Characterization checks do not just come into existence, in fact Michael and Alberto both wrote down some rules when and how to create them. Now while developers work on a legacy system characterization checks are not the only unit checks they create. There are also regular checks for new code, which are created using TDD and check for a desired behaviour. Both kind of checks end up in the code base and in the continuous integration. In time you may not know anymore if a check stems from characterization testing or TDD. In this sense characterization checks itself can become legacy code, which is hard to deal with.

Imagine entering a project finding 1000 automated checks, 250 of which are characterization checks and the rest are regular checks. If one of the characterization checks fails it is not necessarily a bug, if one of the others fails it most certainly is. Only you cannot see which is which. if the person, who wrote the check, is not on the project anymore you have to treat every failing check as a characterization check and always have to investigate if you found a bug or not. A way to mitigate this is following up on Richard Bradshaw’s  advice to state the intent of a specific check. If you do this you know if a check is a characterization check or not.

Furthermore I have the feeling that a lot of checks become characterization checks over time. When they were written in the first place there was a reason for creating them exactly like they are, checking for a specific behaviour. Now, one or two project member generations later, they are there and document a specific system behaviour. The people, who know why they were created and why the system behaves like this, are gone. The checks have become characterization checks.

This is maybe what Katrina is facing in her project. She writes about a test suite, which is longer with the project than all of the testers, hence they don’t know why there is some certain logic coded into it. Katrina uses this as an example why they do not automate after mastery. I tend to disagree a little bit: The initial team members might very well have automated after mastery, I cannot know for sure, yet knowledge of why has been lost over time.
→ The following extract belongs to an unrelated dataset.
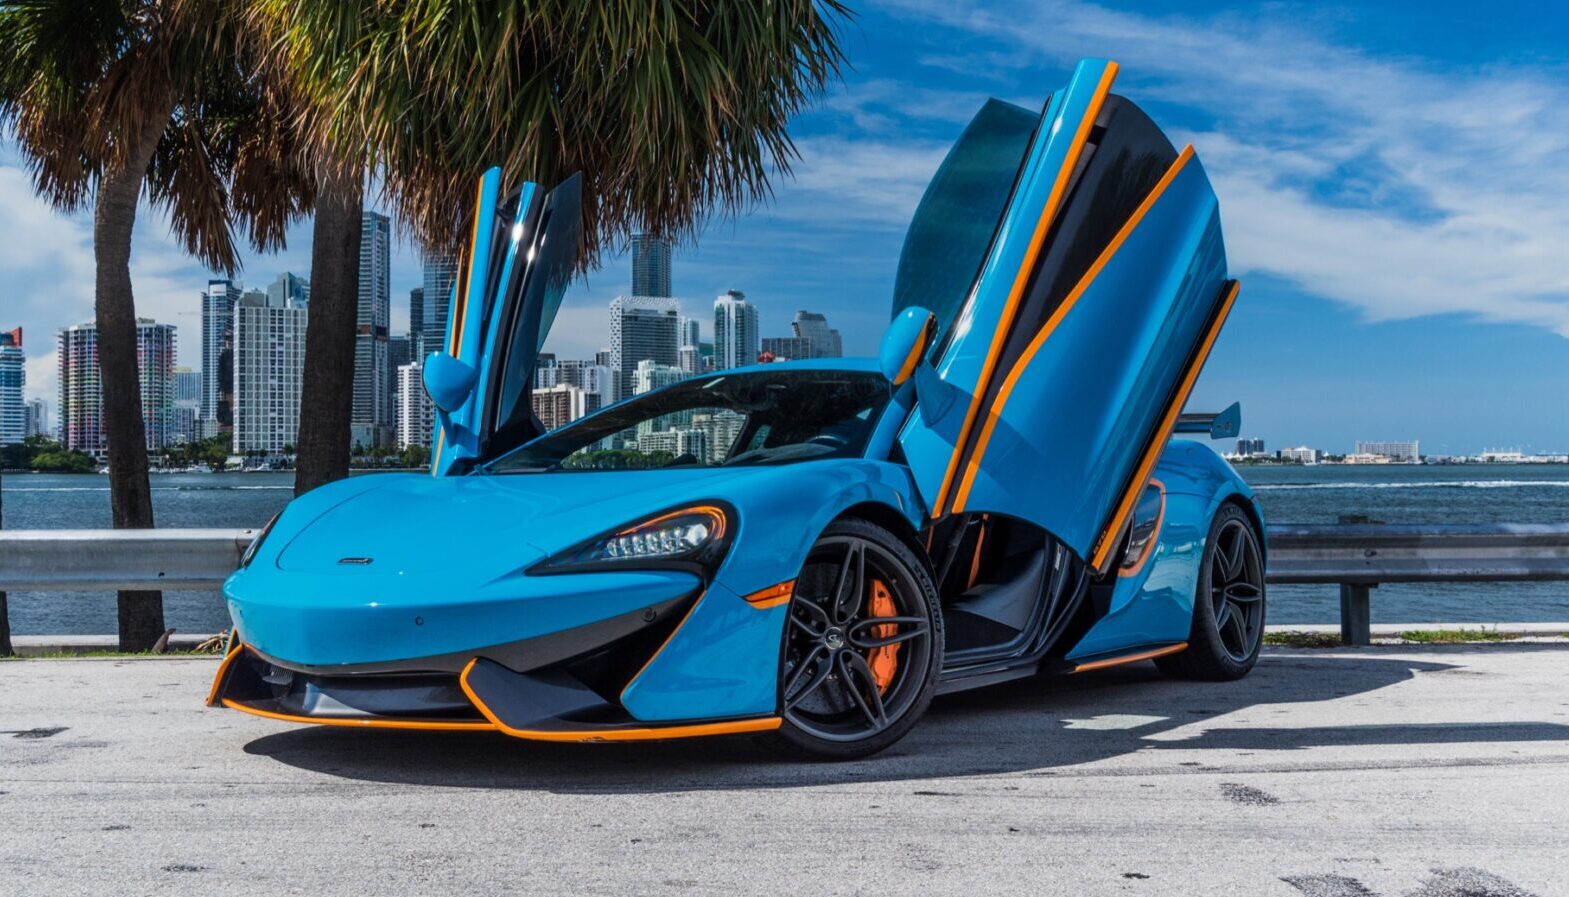 Mclaren 570s Coupe Blue and Orange on Orange exotic rental cars yacht charters Miami

Moving away from Katrina’s example this happens quite often: testers inherit checks from previous testers.

I like to think of a project as body of knowledge, not just the people, but the project itself. There is a lot of knowledge about the system, the users, the workflows in the project’s confluence, in the specific build setup and in the automated checks. From the project’s perspective I see the automated checks as a form of codified prior knowledge.
The current team is left with this form of prior knowledge and now has the problem of finding out why the system behaves like that. Otherwise they risk running into one of the two problems I mentioned earlier: being reluctant to change behaviour that needs changing or introducing bugs by ignoring the checks. This is actually a tough exercise, because finding out why a systems does what it does is usually very challenging. 


Characterization testing is a white box exploratory testing technique and a very powerful tool when dealing with legacy systems. As a tester you should make sure characterization checks are marked as such and try to find out why a system behaves as a characterization check says it does.